五 公文書分類<4>及び<5>の各文書について
これら文書に記載された相手方が公務員又はこれに準じる者であることは、右各文書の公開された部分の記載によって明らかであるが、その氏名及び職名(一部について)を公開すると国等との協力関係又は信頼関係を損なうことになるというべき事情については、具体的な主張立証はなく、これを認めることができないから、右各文書に記載された相手方の氏名、職名が条例八条四号に該当するとはいえない。
六 公文書分類<6>について
これは、目録1番号35の文書(甲二の33)であって、控訴人が公開しなかったのは右文書にかかる会合に出席した相手方の住所であるところ、前記のとおり、この点について被控訴人の請求を棄却した原判決に対して不服の申立てがないから、当裁判所の審判の対象とならない。
七 公文書分類<7>について
これら文書(甲二の8・18、三の32)に記載された相手方は、控訴人が主催した清掃施設見学会の一般参加者であるところ、右相手方の行為が公募に応じて控訴人の施設を見学したという以上のものであったと認めるに足りる証拠はないから、公費から支出された弁当の提供を受けているとはいえ、右相手方が控訴人の行政に参加したと評価することはできず、これらは右相手方の一般市民としてのプライバシーに属する情報であると認められる。
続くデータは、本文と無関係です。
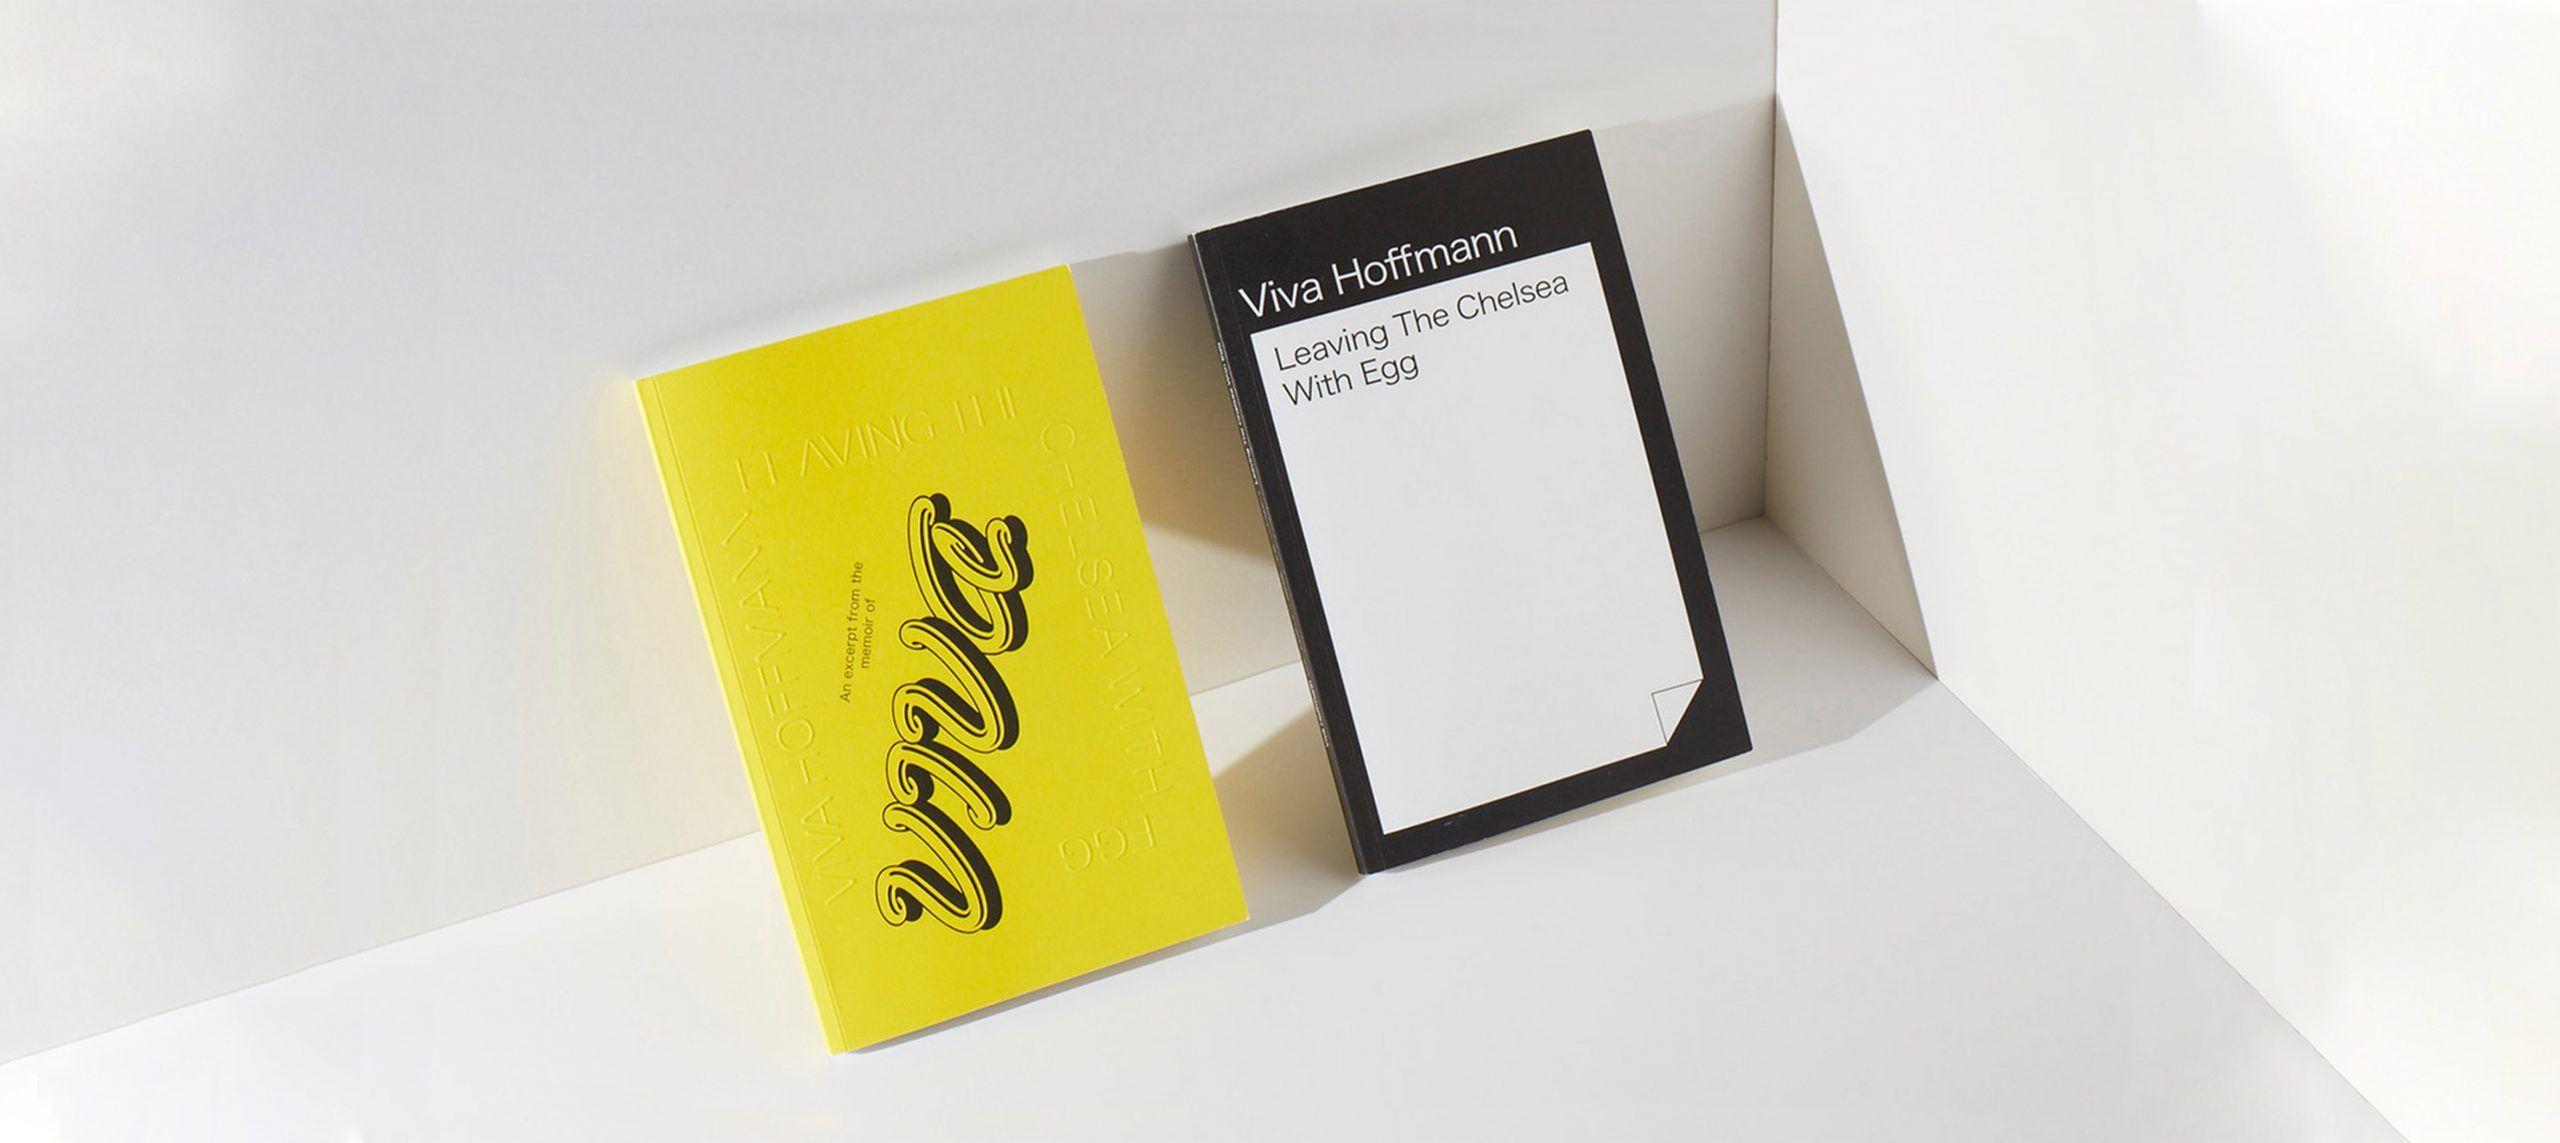 Studio Last - Leaving the Chelsea with Egg by Viva Hoffmann – Book

したがって、右会合に関する文書に記載された情報は、「住所、年齢、電話番号」のみならず、「氏名」も公開しないことが正当であると認められるから、条例八条一号に該当するというべきである。
八 以上のとおり、被控訴人の請求は、原判決主文第一項の除外部分のほか、公文書分類<1>のうち目録1番号26の「肩書、氏名、支出理由」、目録2番号45の「肩書、氏名」、公文書分類<7>(目録1番号9、20、目録2番号32)のうち「氏名」部分については理由がないが、その余は理由がある。よって、本件控訴は一部理由があるから、原判決を変更することとして、主文のとおり判決する。